- _INFORMATION SHOWN_:
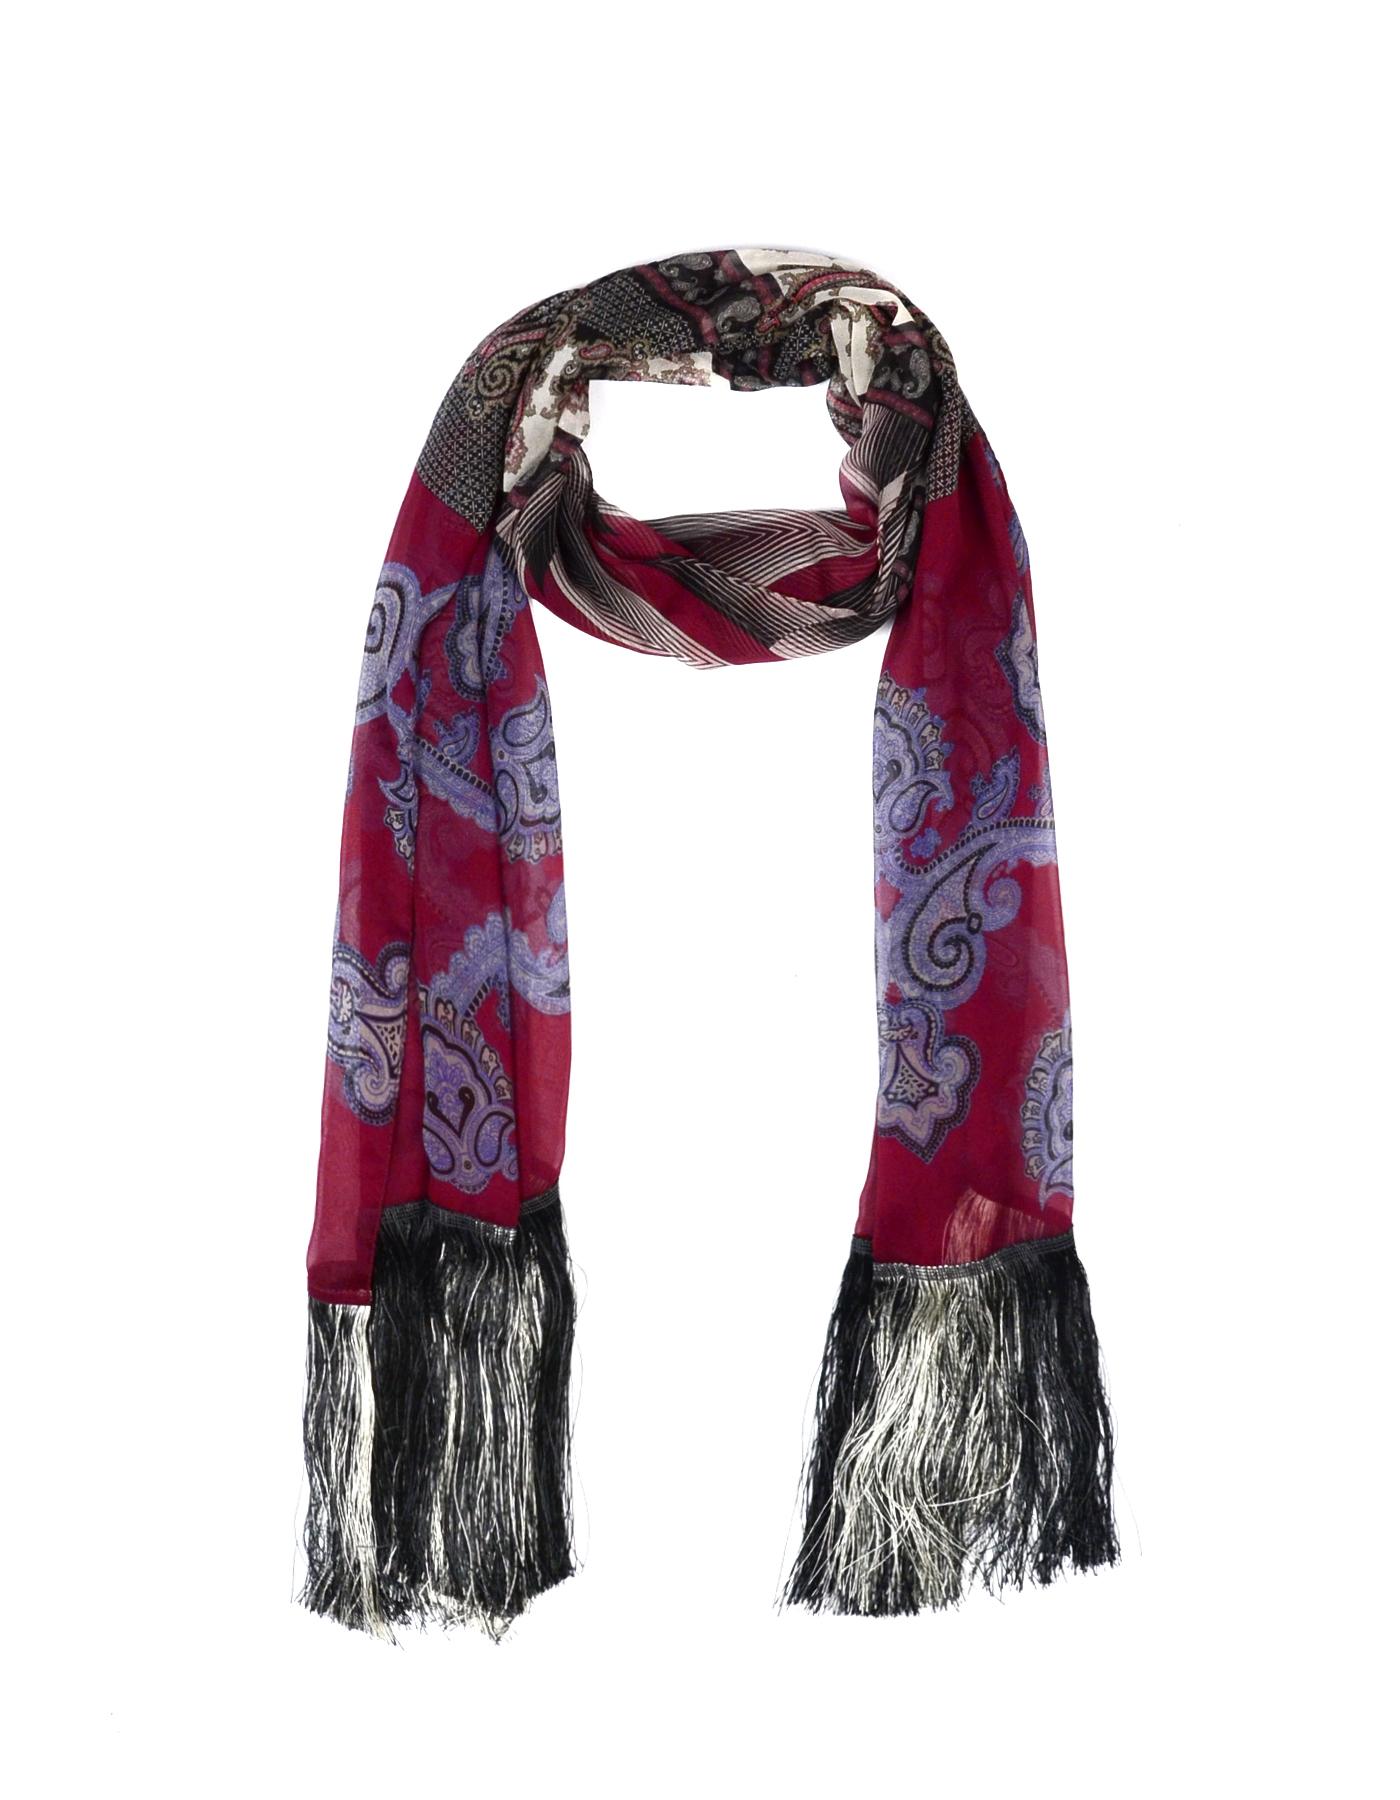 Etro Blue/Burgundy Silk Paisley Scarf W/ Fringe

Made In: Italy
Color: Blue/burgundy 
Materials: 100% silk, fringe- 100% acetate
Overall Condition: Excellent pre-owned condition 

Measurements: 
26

- _ACTIVITY_: Your answer must be the line that contains "Materials: 100% silk, fringe- 100% acetate" and every line after it to the end of the records, reproduced exactly.

- _RESPONSE FOR THIS EXERCISE_:
Materials: 100% silk, fringe- 100% acetate
Overall Condition: Excellent pre-owned condition 

Measurements: 
26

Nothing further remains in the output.